Land tax also significantly increases the fairness of land value increases. When the government builds a train line or rezones a precinct, land values skyrocket. This creates a lottery where wealth created by the community is privatised by the landowner through luck, rather than working and earning it.
Currently, we give away billions in rezoning windfalls. When a local council rezones land (e.g. from rural to residential), that massively increases the value of the land without the landowner doing anything. It is effectively free wealth solely created by the public.
The ACT is one of the few jurisdictions that captures this through their Lease Variation Charge — a policy I regularly defended when I led UnionsACT.
Pricing these rezoning decisions properly increases the fairness by ensuring the public benefits from the wealth created by the rezoning decision, rather than all that wealth going to the lucky developer or landowner.
Australia’s tax system is currently upside down. We heavily tax productive behaviour, like working, while barely taxing land wealth or rentierism. This is reinforced by the culture-industry, shows like The Block, that turn housing and shelter into speculative commodities. The consequence is the creation of a “false need” — the desire to own an asset for speculation rather than for living. Under Thatcher (and Howard), this was the express ideological goal: integrate working people into the capitalist system of speculation and financialisation, and tying their wealth to the endless unearned capital gains increases.
An argument from developers and their friends that I’ve personally witnessed (read the comments!) is the “pass-through” myth. This is the false idea that if land tax goes up, then developers will pass the costs through to home-buyers or renters.
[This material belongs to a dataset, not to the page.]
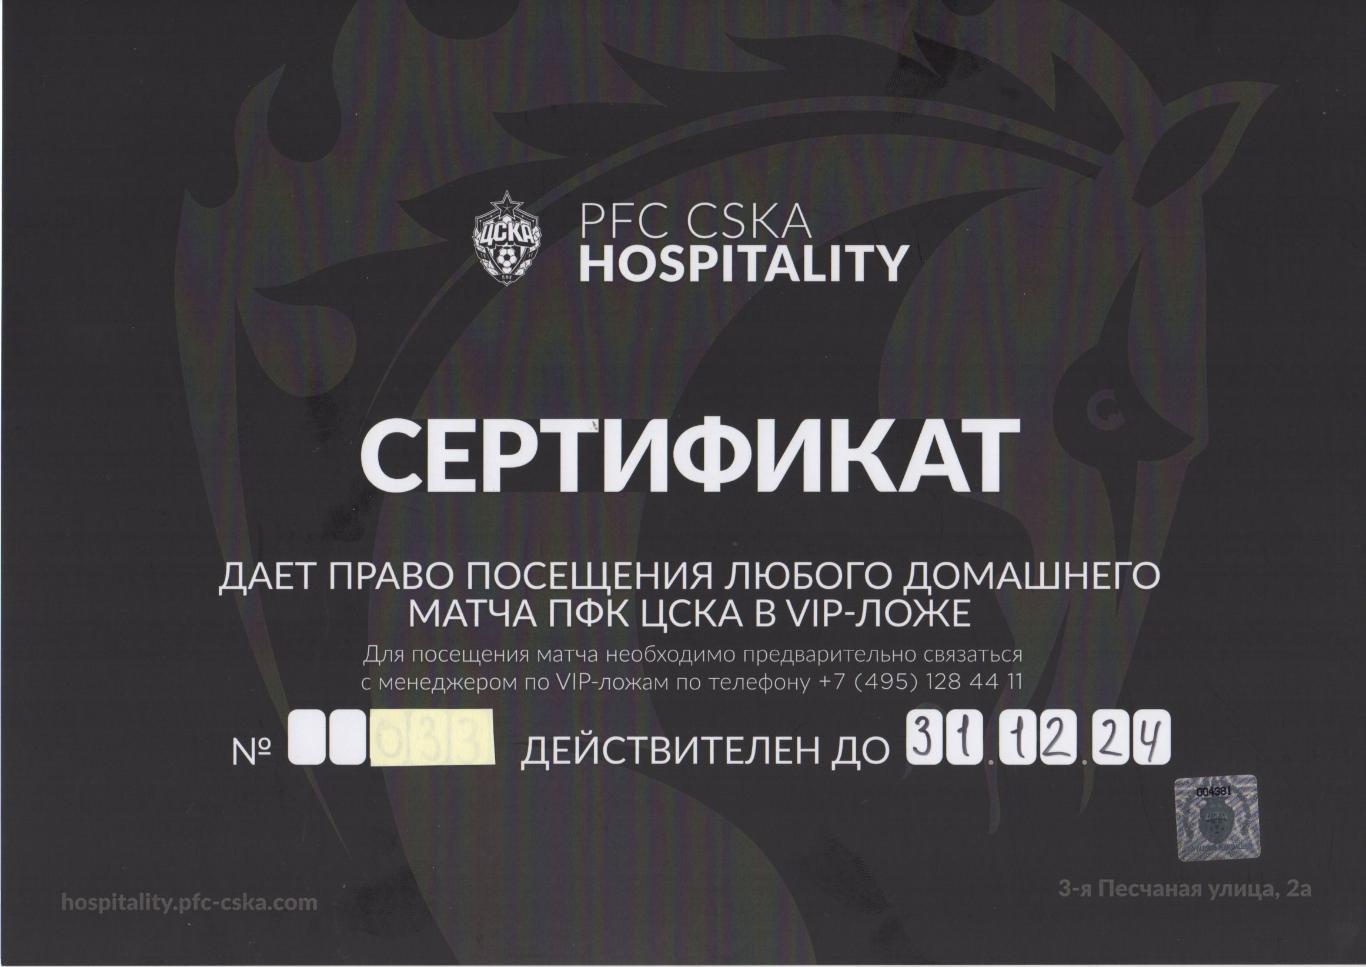 Сертификат на посещение любого домашнего матча ПФК ЦСКА в VIP-ложе.

This is a fallacy. Property development does not operate with a “costs plus” model (i.e. the value charged to a home-buyer or renter is not the costs of building or providing the home plus a bit of a profit margin). Rather, developers (and landlords) charge “what the market will bear” — they charge the maximum that they can, regardless of what it costs them.
Because a land tax does not increase the homebuyers’ or tenants’ ability to pay, the landlord must pay out of their surplus.
Land rent and unearned capital gains from owning land is also the primary vehicle for wealth concentration in the 21st century. The barrier to entry for housing is now so high that it is calcifying class lines, creating a new Australian landed gentry and a permanent renter class. The consequence is toxic wealth inequality and a broken social compact.
I should finish by distinguishing between developers that actually build, vs those developers who actively hoard, land-bank and focus on rentierism.
A stronger land tax actively benefits the genuinely productive developers while discouraging the parasitic rentiers who unproductively siphon capital growth and profits through unproductive means. Builders for example should support increased land tax; land speculators obviously hate it.
To fix housing affordability and supply, we need to increase land taxes and windfall gains taxes — in Victoria the Suburban Rail Loop package is a good start. More please! This will penalise land hoarding and incentivise developers to actually build housing quickly rather than drip-feed it.